Когда носилки поставили, Иван сразу понял, что попал к каким-то другим людям, к молчальникам. Его ворочали, ощупывали осторожно, но все молча; «Вдруг решат, что помер?» — испугался. Иван и приоткрыл один глаз. И увидел ту самую врачиху, которая пеленала его тогда, в степи. Обрадовался такой удаче — ведь и Нина может быть где-то тут — заулыбался во весь рот.
— А ведь мы знакомы.
— Знакомы, знакомы, — хмуро сказала врачиха. — Кто только нам не знаком! — И встала, пошла к двери, сказав на ходу кому-то: — Готовьте его.
Только тут вспомнил Иван рассказы, что самая боль как раз тут, в гипсовочной, когда будут ногу вытягивать, чтобы гипс правильно положить, но не очень испугался: все затмевала мысль о Нине.
К нему подошел сухощавый санитар, показал ночной горшок, противным скрипучим голосом предложил помочиться перед процедурой.
— Не бойсь, выдержу, — сказал Иван.
— Знаю, что выдержишь. Только ведь лучше, когда ничего не отвлекает. Хоть и боли никакой, а все лучше.
— Может, и в самом деле? — Иван вспомнил, что после того проклятого взрыва он ни разу… того… С опаской поглядел на дверь. — А санитарочка-то где сейчас? Черненькая такая, хохлушечка.
— Жить будешь, матрос, — усмехнулся санитар, — если уж перед операцией о санитарочках не забываешь. — И тут же спросил заинтересованно: — Это которая хохлушечка?
— Ниной зовут.
— Панченко? Так она сейчас придет.
— Нехорошо вроде при женщинах-то, — заторопился Иван.
— Ты знай свое делай, тут люди привычные. Ну что, полегчало?
Санитар выпрямился с горшком в руках, и как раз в этот момент открылась дверь. Иван, все ждавший этого, быстро скосил глаза и увидел в дверях Нину. В первый момент он даже не обрадовался, потому что санитар, охламон старый, так и поперся ей навстречу, держа перед собой незакрытый горшок.
Он зажмурился, почувствовав вдруг испарину во всем теле. Но тут же открыл глаза, испугавшись, что Нина уйдет.
— Ну здравствуй, герой. — В ее голосе Ивану послышалась ирония.
— Здравствуй.
— Вот ты мне и попался.
Это прозвучало интимно, даже нежно, и он обрадовался.

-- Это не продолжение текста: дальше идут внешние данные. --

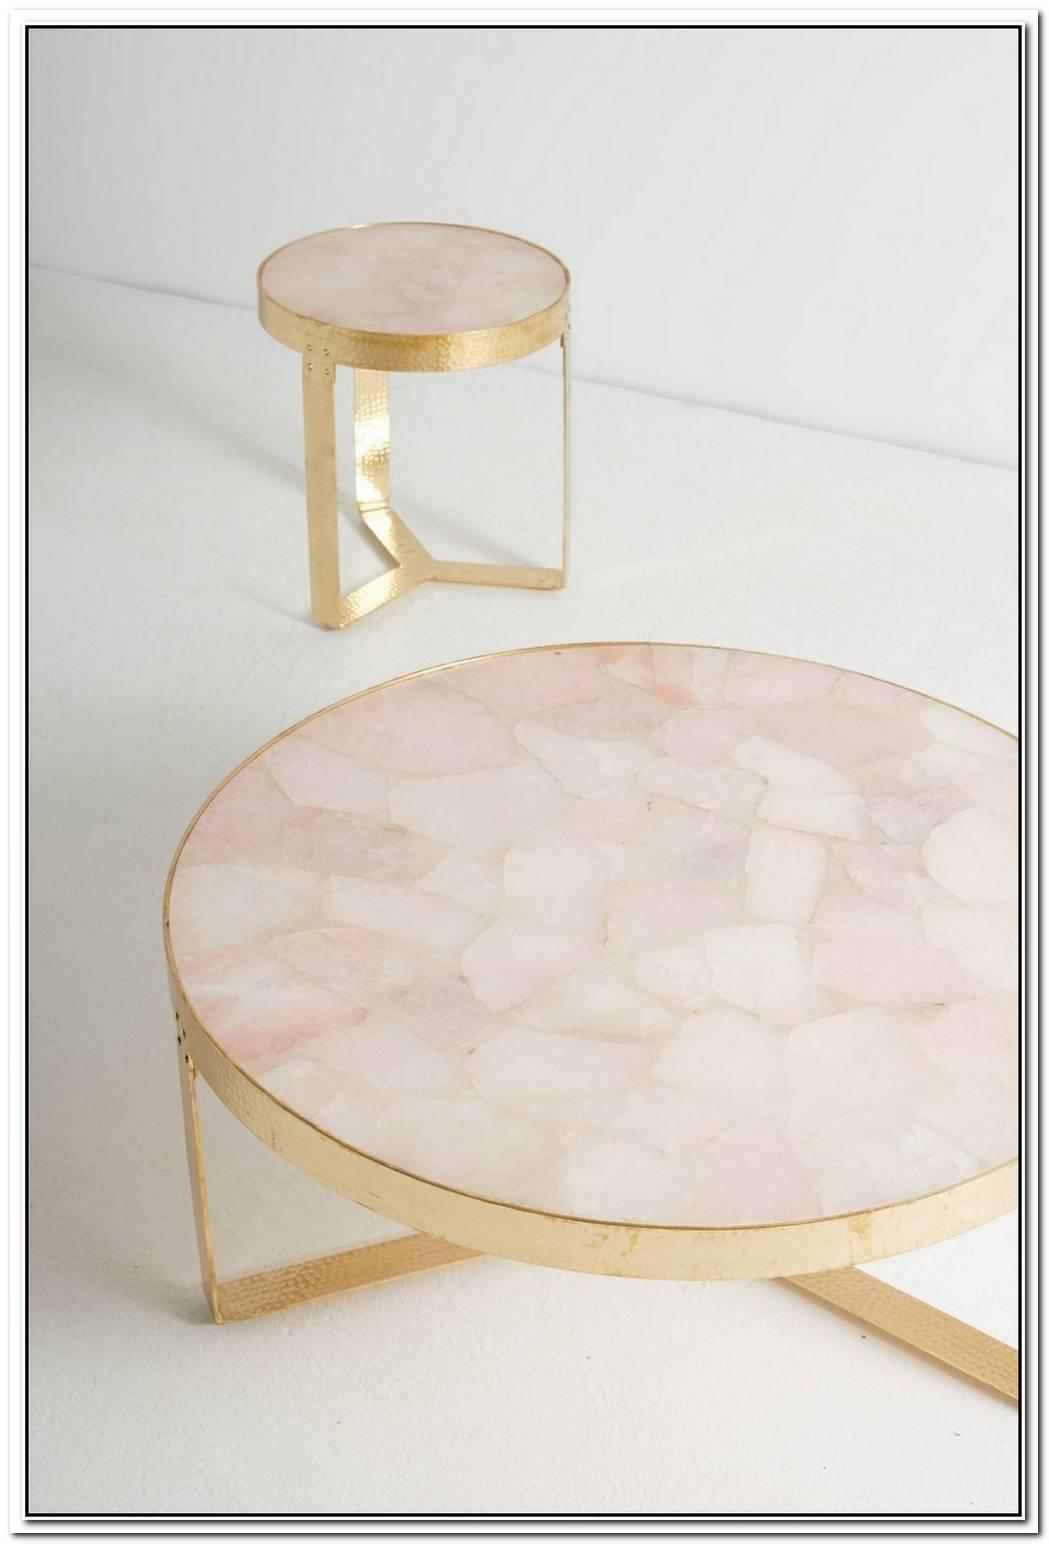 The Minimalist Tripod Side Table By Noon Studio

— Я бы… когда-хошь… только как же…
— Захотел бы, нашел.
— А я искал. Ей-богу, спрашивал.
Она принялась протирать ему лицо влажной салфеткой, мягко протирала, как гладила. А он все норовил прижаться небритой щекой к ее руке. Как старшеклассник, впервые влюбившийся и не знающий, что теперь делать.
— Неужели я тебя только раненым и буду видеть?
— Вот оклемаюсь…
Он приподнялся, и тут же боль, острая и длинная, как шампур, пронзила ногу и застряла где-то под боком.
— Лежи, лежи! — испугалась Нина. И заговорила тихо и ласково: — Ишь, запрыгал. Тебе нельзя прыгать. Сейчас будем гипсовую повязку накладывать, и надо замереть на это время, совсем расслабиться.
Они не заметили, как вошла врач.
— Панченко, выйдите из гипсовочной, — сказала она.
Откуда-то беззвучно появился санитар со скрипучим голосом, принялся протирать Ивану руки и лицо, как только что делала Нина.
— Меня уже умывали, — сердито сказал Иван.
— Лишний раз умыться не вредно.
Санитар исчез и снова появился с тарелкой в руках. По комнате растекся ароматный запах.
— Проглоти немного, проглоти, — уговаривал он, поднося ложку ко рту Ивана. — Забыл, небось, когда последний раз и обедал-то.
Иван с удовольствием глотал вкусный бульон и все думал о Нине, которую, он был уверен, теперь уж не потеряет. Врачиха возилась с ногой, укладывала ее так и этак, но было это не очень больно и он не обращал на нее внимания. Потом она положила ему на грудь что-то теплое и сказала ласково:
— Разрешаю и советую поспать.
— Когда будут ногу выпрямлять? — спросил он, наслышанный о диких болях при этой процедуре.